We exploit the phenomena of homophily in communication pat- terns to learn name embeddings, a new representation that encodes gender, ethnicity, and nationality which is readily applicable to building classifiers and other systems. Through our analysis of 57M contact lists from a major Internet company, we are able to design a fine-grained nationality classifier covering 39 groups representing over 90% of the world population. In an evaluation against other published systems over 13 common classes, our F1 score (0.795) is substantial better than our closest competitor Ethnea (0.580). To the best of our knowledge, this is the most accurate, fine-grained nationality classifier available. As a social media application, we apply our classifiers to the followers of major Twitter celebrities over six different domains.

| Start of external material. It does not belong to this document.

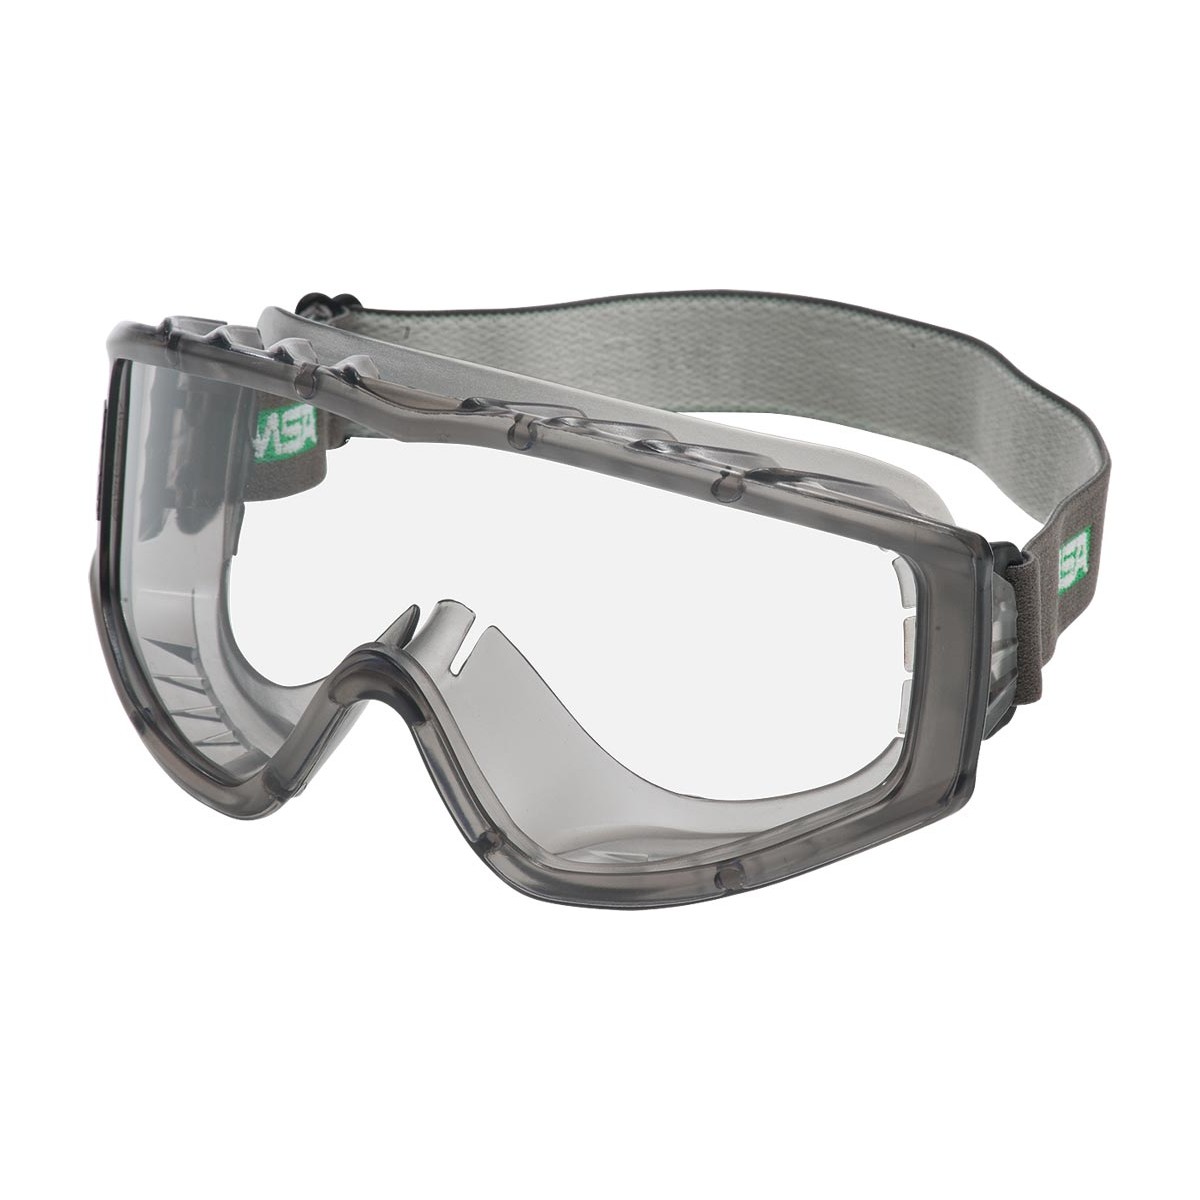 Очки защитные артикул. MSA очки защитные. Очки защитные сетчатые MSA. Защитные очки Milwaukee Premium. Защитные очки Cofra gl-01.

We demonstrate stark differences in the ethnicities of the followers of Trump and Obama, and in the sports and entertainments favored by different groups. Finally, we identify an anomalous political figure whose presumably inflated following appears largely incapable of reading the language he posts in. [full article on arxiv.org]
While NamSor, as a private start-up company, has been offering for several years a free service for gender classification, we provide name origin / ethnicity / diaspora classification as commercial service. We work with experts in onomastics, sociolinguists, sociologists, anthropologists, historians … to continuously improve our software and calibration for each country individually. Our objective is to offer the best accuracy in decoding personal names according to various taxonomies (gender, nationality, origin / ethnicity, diaspora, country / region or event cast and tribal systems) and we aim for global coverage : all countries, regions, alphabets.
Comparing NamePrism and NamSor is not as simple as it may seem : ideally we would like to have the same taxonomy for both services and a clean independent sample of names by nationality to compare precision and recall (or F1 Score as a test of accuracy). However, we find the concepts and taxonomies used by NamePrism and NamSor are somewhat related but they have differences.
NamSor ‘Origin’ vs NamePrism ‘Nationality’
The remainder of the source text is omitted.